Opinion ID: 881961
Heading Depth: 1
Heading Rank: 1

Heading: at will

Text: Respondent Big Horn County School District (School District) argues that Medicine Horse is an at will employee and is governed by the Montana at will statute: Termination at will. An employment having no specified term may be terminated at the will of either party on notice to the other... . Section 39-2-503, MCA. We have concluded that an at will employee is one whose term of employment has no specific duration. Hobbs v. Pacific Hide and Fur Depot (1989), 236 Mont. 503, 771 P.2d 125. Medicine Horse has provided no evidence that his employment had any specified term. His employment was not governed by a contract which specified the duration of his employ, nor do the laws and regulations governing his position as an employee of the School District specify any such term.
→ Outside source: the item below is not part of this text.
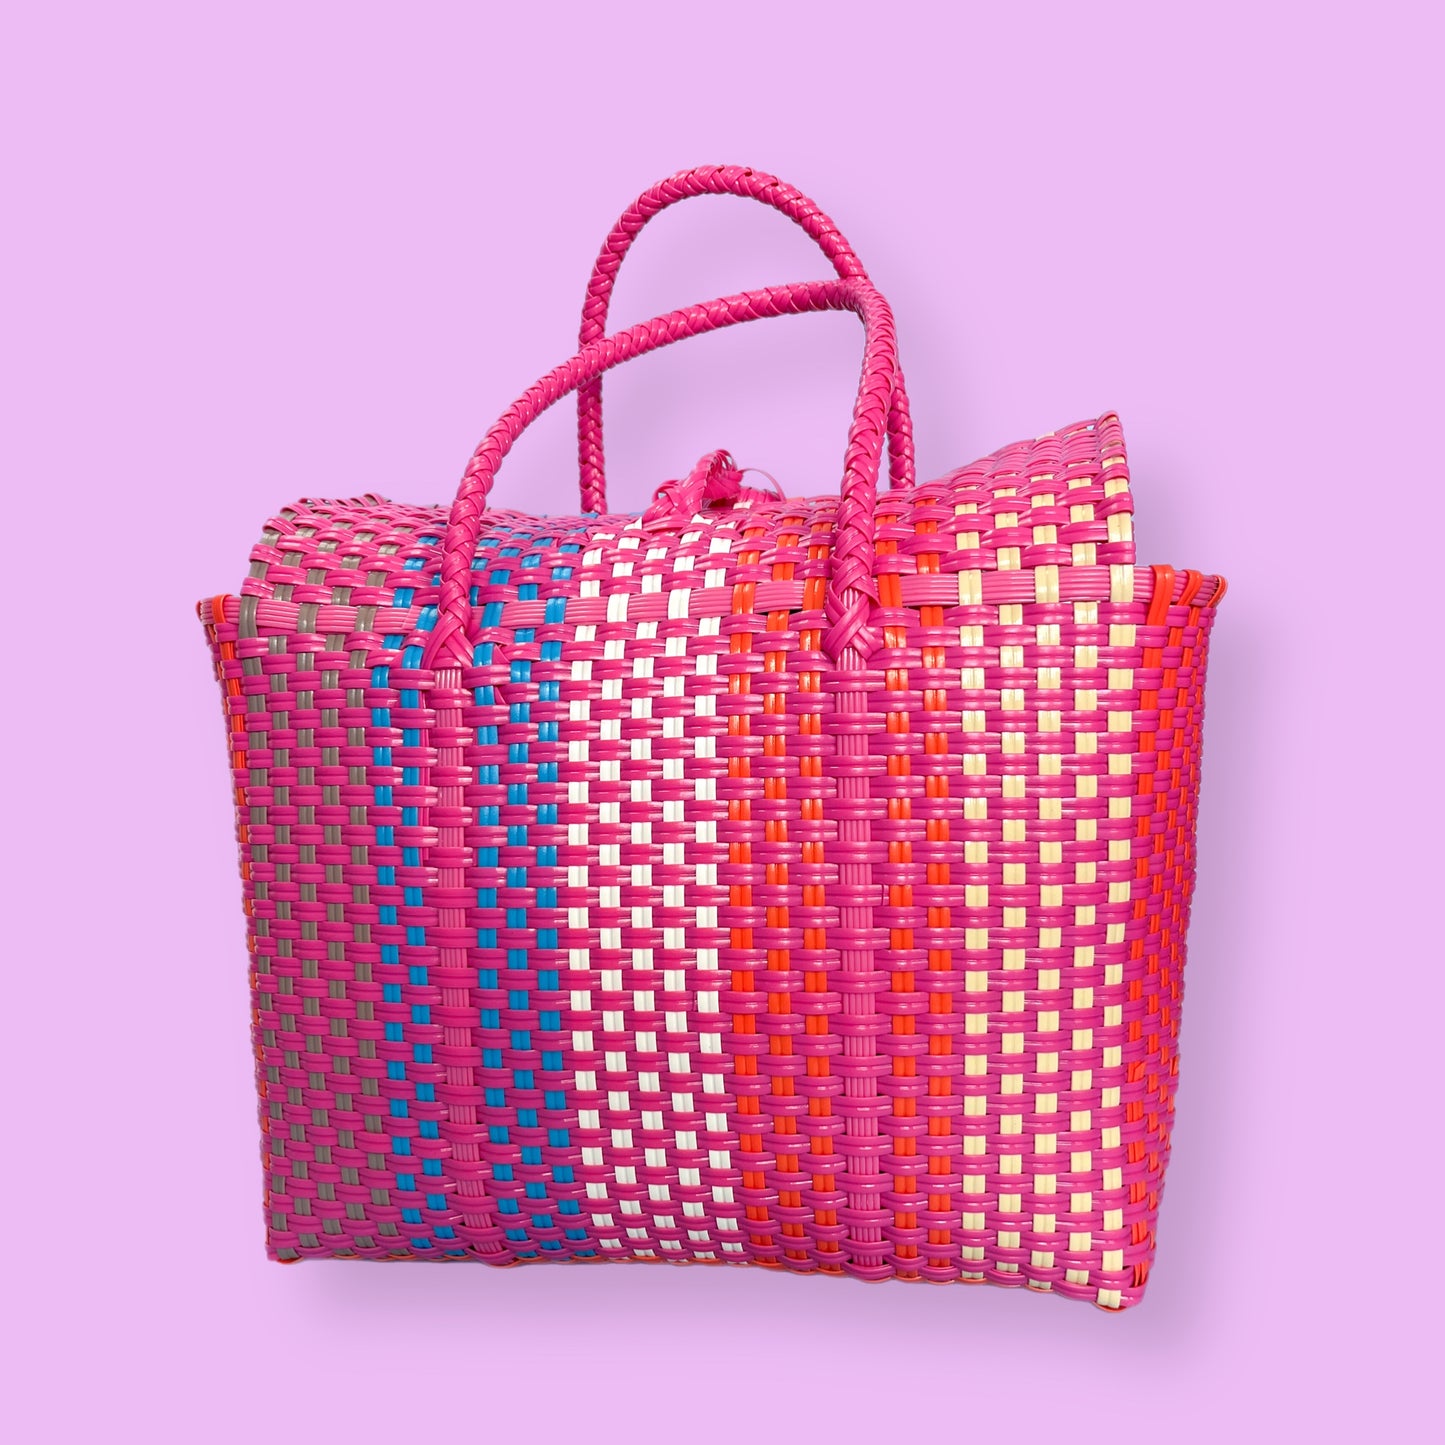 Goodordering woven basket pannier bag bike bag red and pink

Quoting from a 1984 article in the Montana Arbitrators Association Quarterly, the appellant contends that the doctrine of at will employment is no longer viable in Montana. While that may have appeared to the author to be the case in 1984, we disagree that such is the state of the law in Montana. In Prout v. Sears, Roebuck and Co. (1989), 236 Mont. 152, 772 P.2d 288, we applied the at will statute to persons who have no specific term to their employment. And while Prout was decided on the basis of pre-Wrongful Discharge From Employment Act law, neither that Act nor any other action by the Montana legislature or this Court has nullified the at will designation or § 39-2-503, MCA. We hold that Medicine Horse is an at will employee who had no specific duration or term for his employment with the School District.